Introduction

The corto (“correlation tool”) package provides a pipeline to infer networks between “centroid” and “target” variables in a dataset, using a combination of Pearson correlation and Data Processing Inequality (DPI), first proposed in [1]. The main application of corto is in the field of Bioinformatics and Transcriptomics, where co-occurrence between variables can be used as a mean to infer regulatory mechanisms [2] or gene functions [3]. In this field, usually the tested features are genes (or rather, their expression profile across samples), whereas the centroids are Transcription Factors (TFs) and their targets are Target Genes (TGs). The TF-TG co-expression can hint at a causal regulatory relationship, as proven in many studies [4,5,6]. The corto tool replicates the well-established pipeline of the ARACNe family of tools [7,8,9]
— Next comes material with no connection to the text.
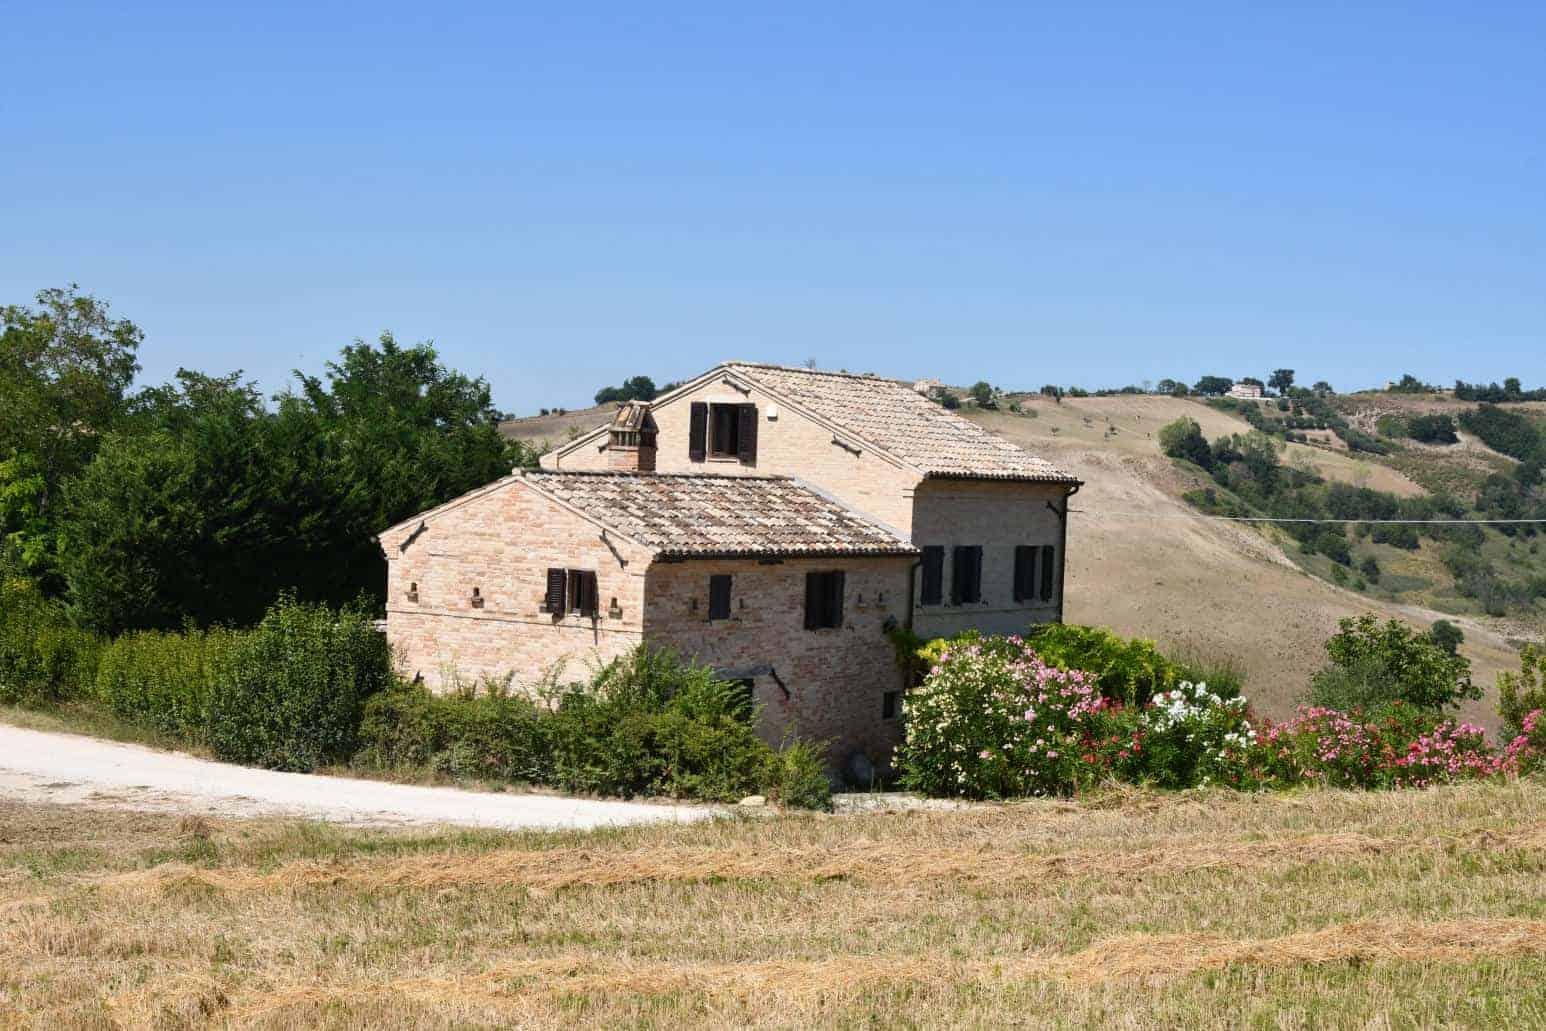 Restored countryhouse near Petritoli

In brief, corto operates using the following steps:

  1. Load a gene expression matrix and a list of user-provided centroids (e.g. TFs). Data should be normalized via Variance Stabilizing Transformation (VST) for RNA-Seq, and Robust Multiarray Average (RMA) for microarrays, as described in [10].
  2. Calculate all pairwise Pearson correlation coefficients between centroid and target features. The rank transformation operated by the Pearson correlation coefficient is a common procedure used in co-expression based studies, due to its benefits in reducing the effects of outliers [11].
  3. Filter out all centroid-target features whose correlation coefficient absolute value is below the provided p-value threshold p.
  4. Apply DPI to all centroid-centroid-target triplets, in order to identify which centroid-target correlation is stronger and identify the most likely association (e.g. which TF is the most likely regulator of the TG in the dataset).
  5. All edges are tested for Data Processing Inequality in a number of bootstrapped versions of the same input matrix (specified by the nbootstraps parameter, 100 by default, as in ARACNE-AP [8]). This step can be run in parallel by specifiying the number of threads using the nthreads parameter. The number of occurrences of each edge (if they survived DPI) is calculated. This number can range from 0 (the edge is not significant in any bootstrap) to nbootstraps+1 (the edge is significant in all bootstraps, and also in the original matrix).
  6. A network is generated in the form of a list, where each element is a centroid-based list of targets. In order to follow the structure of the regulon class implemented by downstream analysis packages (e.g. VIPER [12]), each target is characterized by two parameters:
    • The tfmode, the mode of action, i.e. the Pearson correlation coefficient between the target and the centroid in the original input matrix
    • The likelihood of the interaction, calculated as the number of bootstraps in which the edge survives DPI, divided by the total number of bootstraps (in this impelmentation, the presence of an edge in the original, non-bootstrapped matrix is considered as an additional evidence)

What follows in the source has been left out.